When the given constants μ is too far away from the NPMLE, there will be no distribution satisfy the constraint. In this case the computation will stop. The -2 Log empirical likelihood ratio should be infinite.

The constant mu must be inside ( \min f(x_i) , \max f(x_i) ) for the computation to continue. It is always true that the NPMLE values are feasible. So when the computation cannot continue, try move the mu closer to the NPMLE, or use a different fun.

This function depends on Wdataclean2(), WKM() and solve3.QP()

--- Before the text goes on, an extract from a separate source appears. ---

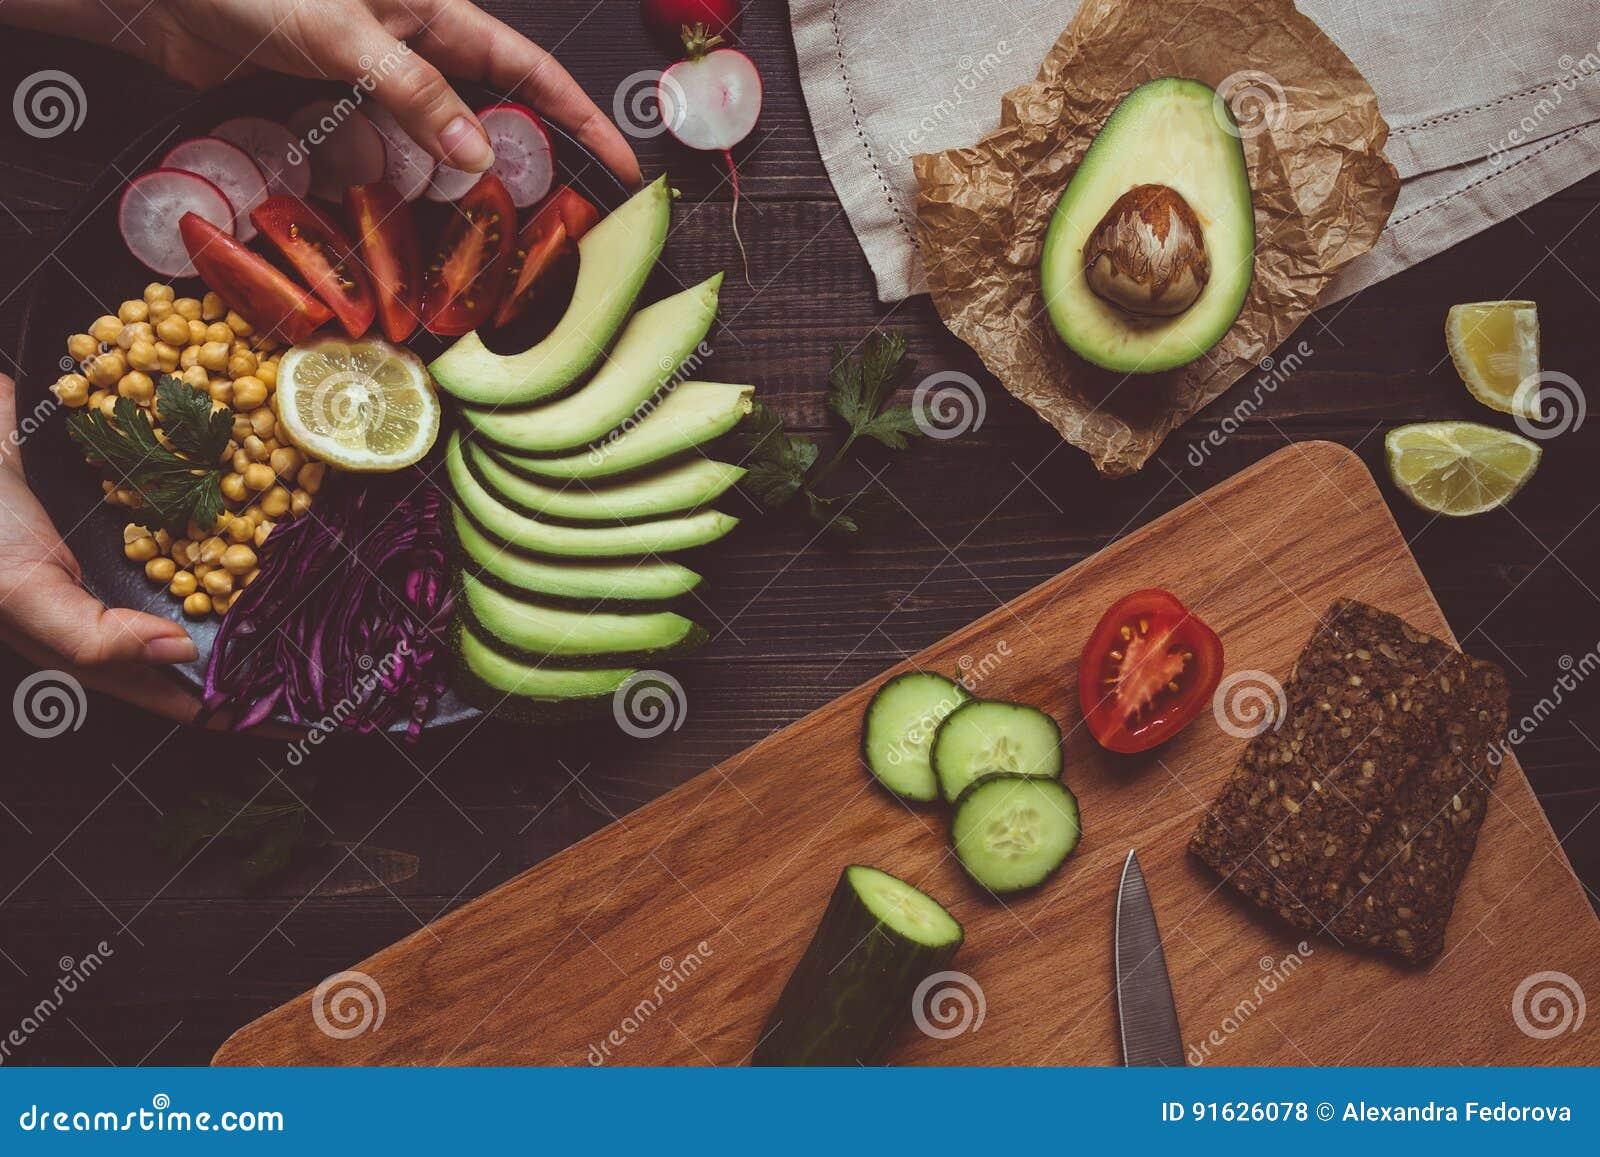 Kulinarny Zdrowy Gosc Restauracji Z Chickpea I Warzywami Pojecia

This function uses sequential Quadratic Programming to find the maximum. Unlike other functions in this package, it can be slow for larger sample sizes. It took about one minute for a sample of size 2000 with 20% censoring on a 1GHz, 256MB PC, about 19 seconds on a 3 GHz 512MB PC.

Value

A list with the following components:

"-2LLR"

The -2Log Likelihood ratio.

xtimes

the location of the CDF jumps.

weights

the jump size of CDF at those locations.

Pval

P-value

error

the L_1 norm between the last two wts.

iteration

number of iterations carried out

Author(s)

Mai Zhou, Kun Chen

References

Pan, X. and Zhou, M. (1999). Using 1-parameter sub-family of distributions in empirical likelihood ratio with censored data. J. Statist. Plann. Inference. 75, 379-392.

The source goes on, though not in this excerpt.